Overview
The Transposition User-Defined Function (UDF) is a tabular function that enables transposing data within ksqlDB. This function is versatile, providing two different variations to suit a range of data transformation needs.
Regarding the behavior of the UDF, for both variations, it’s important to be mindful of any additional columns in the initial row.

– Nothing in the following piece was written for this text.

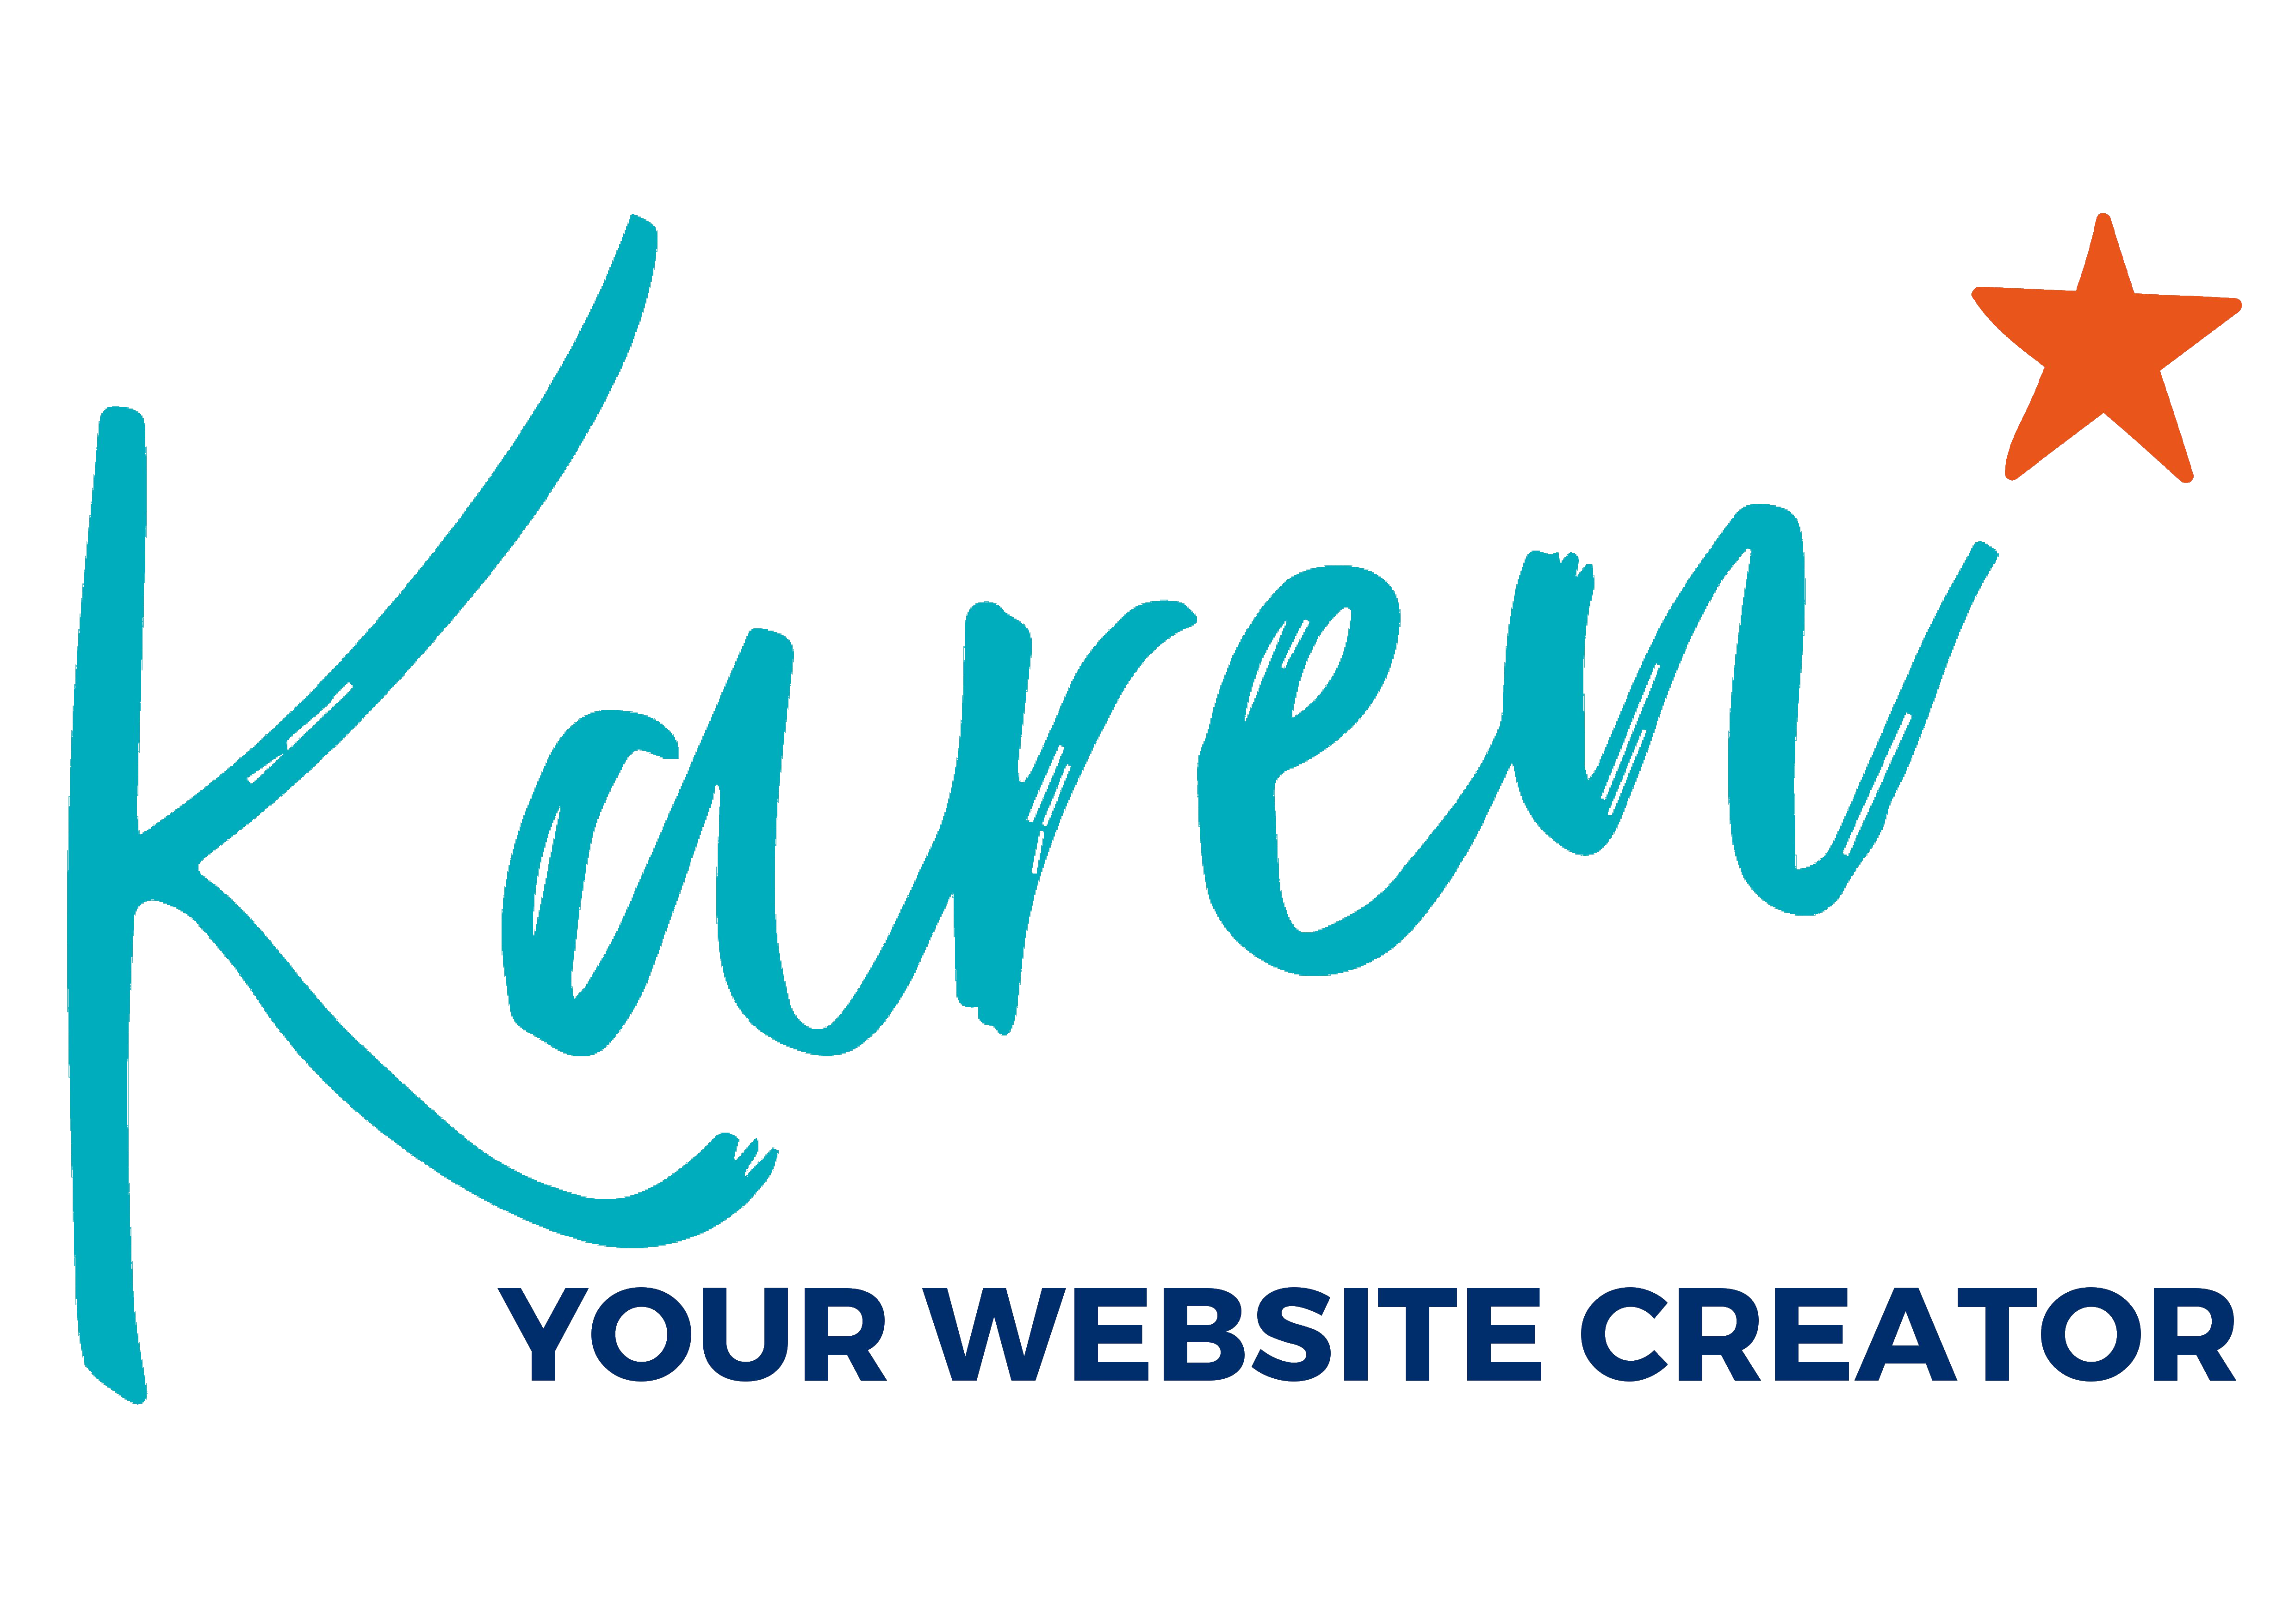 karenyourwebsitecreator.com
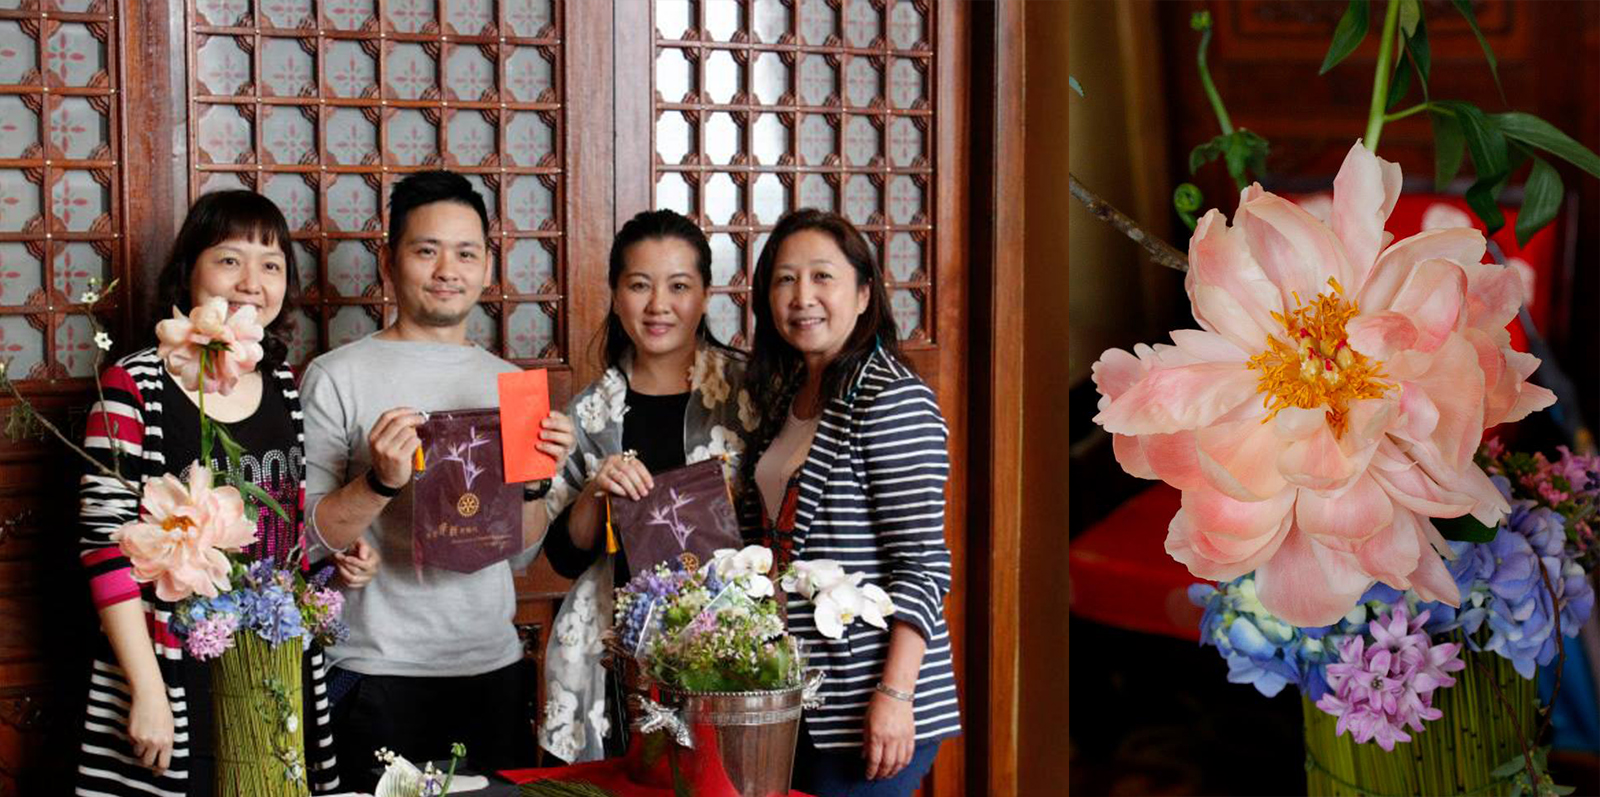 我們感謝台北華新扶輪社的邀請, 讓我們在當中講解花見理念和茶事分享

You may find a detailed example here (example 3).
To get more details about this UDF directly within ksqlDB, you can use the command:
DESCRIBE FUNCTION IGRAFX_TRANSPOSITION;
To ensure any modifications to a STREAM are applied to all previously inserted data, set the offset configuration to the earliest position with this command:
SET 'auto.offset.reset'='earliest';
Variation 1¶
UDF Signature :
igrafxTransposition(input: util.List[Struct]): util.List[Struct]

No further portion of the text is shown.